Arithmetic shift and logical shift
unsigned int i = 8;
int main () {
<<. 3 I = I; // output i = 64
}
Above the variable i is the use of logical shift or arithmetic shift it?
Logical shift, simple understanding is physically move around performed bitwise, two supplemented with 0, do not care about the sign of a problem
Arithmetic shift left and right bit is also performed on the physical movement of two supplemented with 0, but it must ensure that the sign bits are not changed
But we are curious "i << 3" and "i >> 3" in the end uses arithmetic or logical shift it? In fact, a single may not have much break from the C language itself, because C will eventually be compiled into assembly code for the target platform compiler, it is necessary to combine compiler and assembler program to analyze the code above, the following analysis mainly from the disassembly start , about the shift of instruction under the ARM platform are:
LSL (logical shift left)
The LSR (Logical shift right)
ROR (Rotate Right)
ASL (Arithmetic Shift Left)
ASR (arithmetic shift right)
RRX (with extended cyclic right)
Let us look at the results disassemble those above C program:
Conclusion: Description unsigned number is used in a logical shift left.
So after testing we found several cases the following code compilation, and the result is the same as above, are logical left:
signed int i = 8;
int main ()
{
<<. 3 I = I; // output i = 64
}
signed int i = -8;
int main ()
{
<<. 3 I = I; // output i = -64
}
Conclusion: The described type, whether signed or unsigned, regardless of the positive and negative values, are used in a logical shift left.
Then take a look right:
unsigned int i = 8;
int main ()
{
= I. 3 >> I; // output i = 1
}
Disassembly results:
Conclusion: Description unsigned right shift logic is employed.

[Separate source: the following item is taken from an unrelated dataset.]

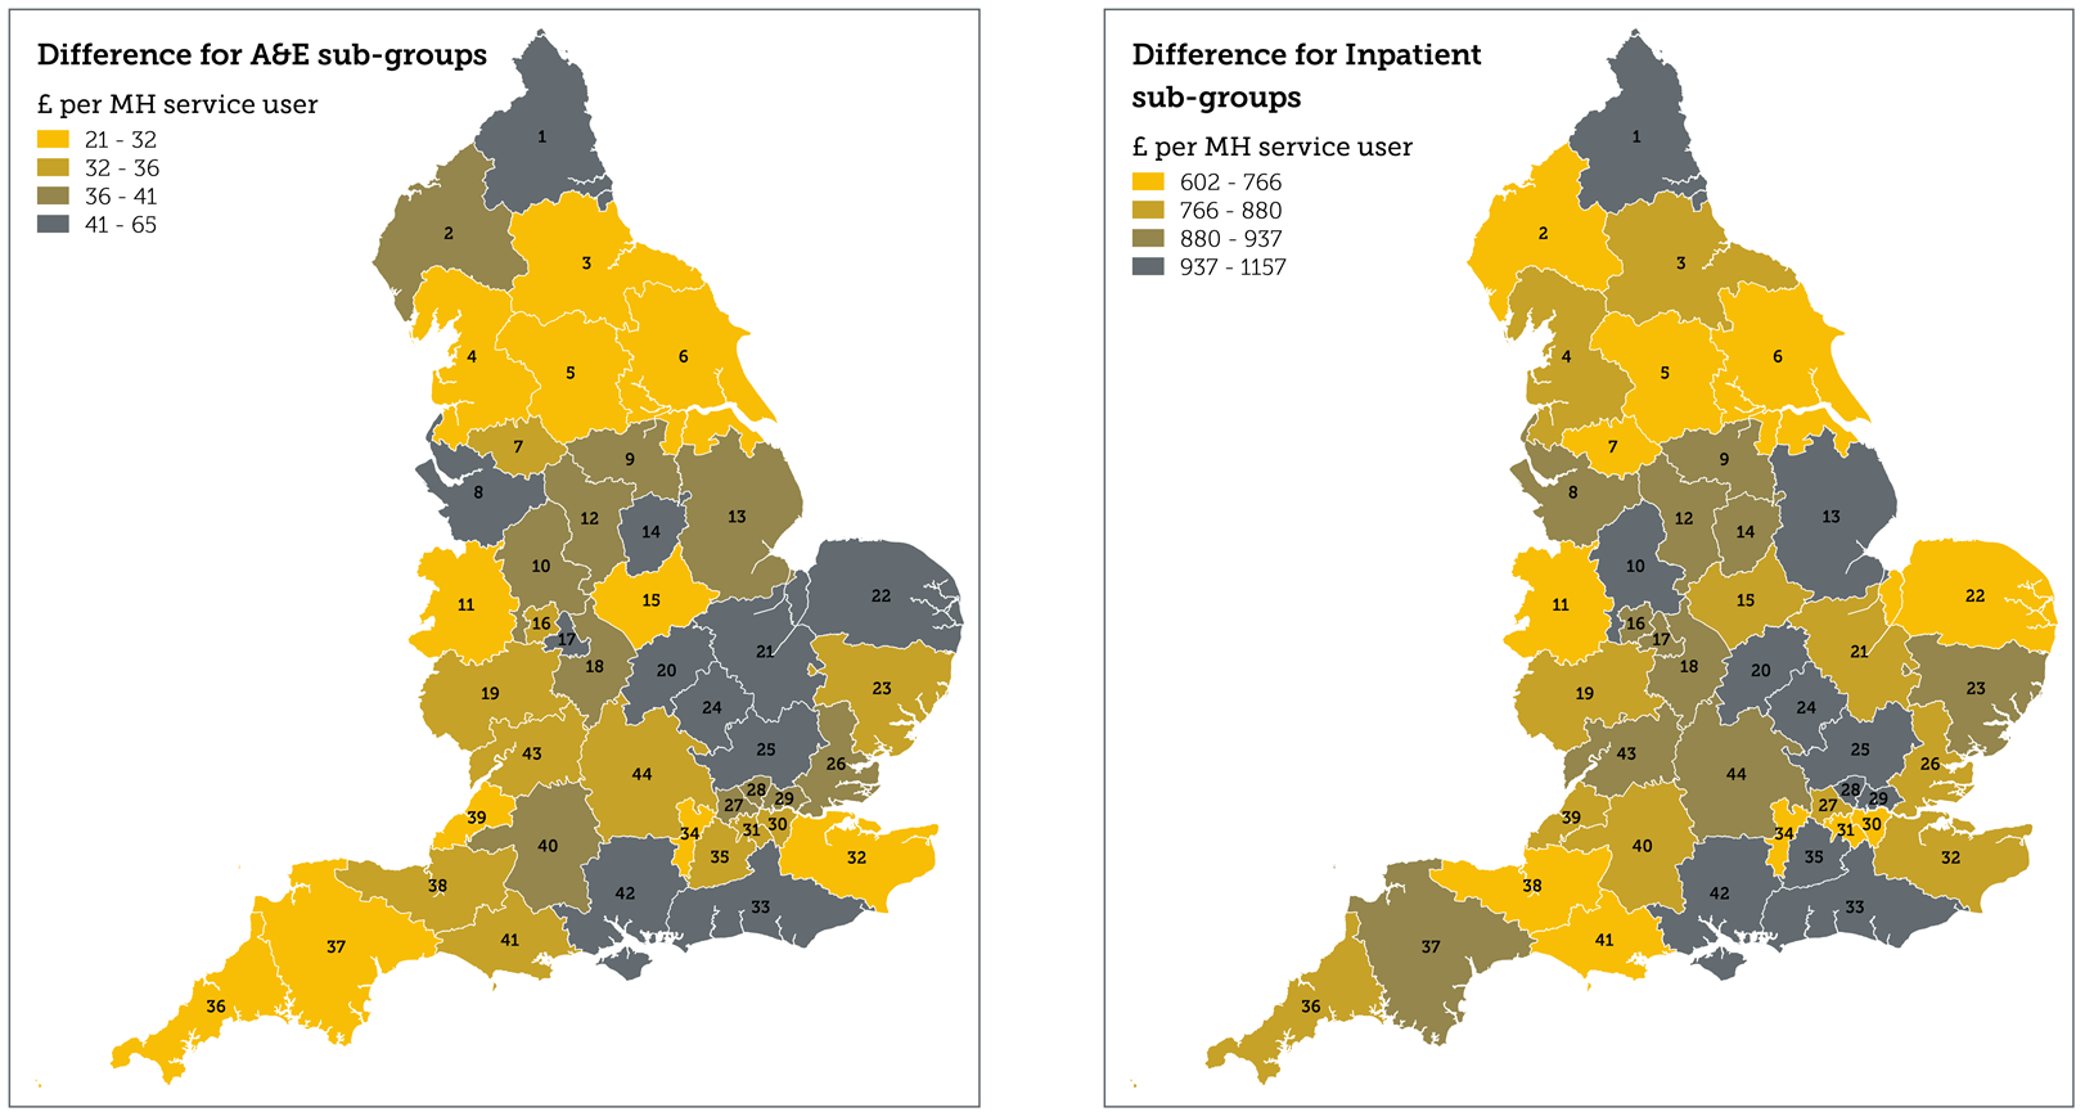 Fig 3. Difference in A&E and inpatient spend per head of service user population by STP area

Look at the number of signed right shift operation:
signed int i = 8;
int main ()
{
= I. 3 >> I; // output i = 1
}
Disassembly results:
CONCLUSION: Description signed numbers using the arithmetic right.
After testing found that the situation following code disassembly results and the above is the same:
signed int i = -8;
int main ()
{
= I. 3 >> I; // output i = -1
}
Conclusion: Description As long as there is a symbolic number, regardless of the value is positive or negative, are used when the right arithmetic shift right.
Question: According to the principle of zero shift up, why are logical shift left it?
Q: first look "-8" and "8" value in the computer memory are:
0xfffffff8
0x8
Because computers are by complement value stored code, so regardless of positive or negative sign, the sign bit left shift does not produce for the impact, and the right is different, not how unsigned shift right sign bit, but the number of logical symbols the high bit of 0, the sign bit to the right, so that only the arithmetic shift right.
Summary: Only signed right before the arithmetic right shift, or other cases have adopted a logical shift operations (logical left or logical shift right). As long as the computer is turned complement understand the way to save the value, it's all clear.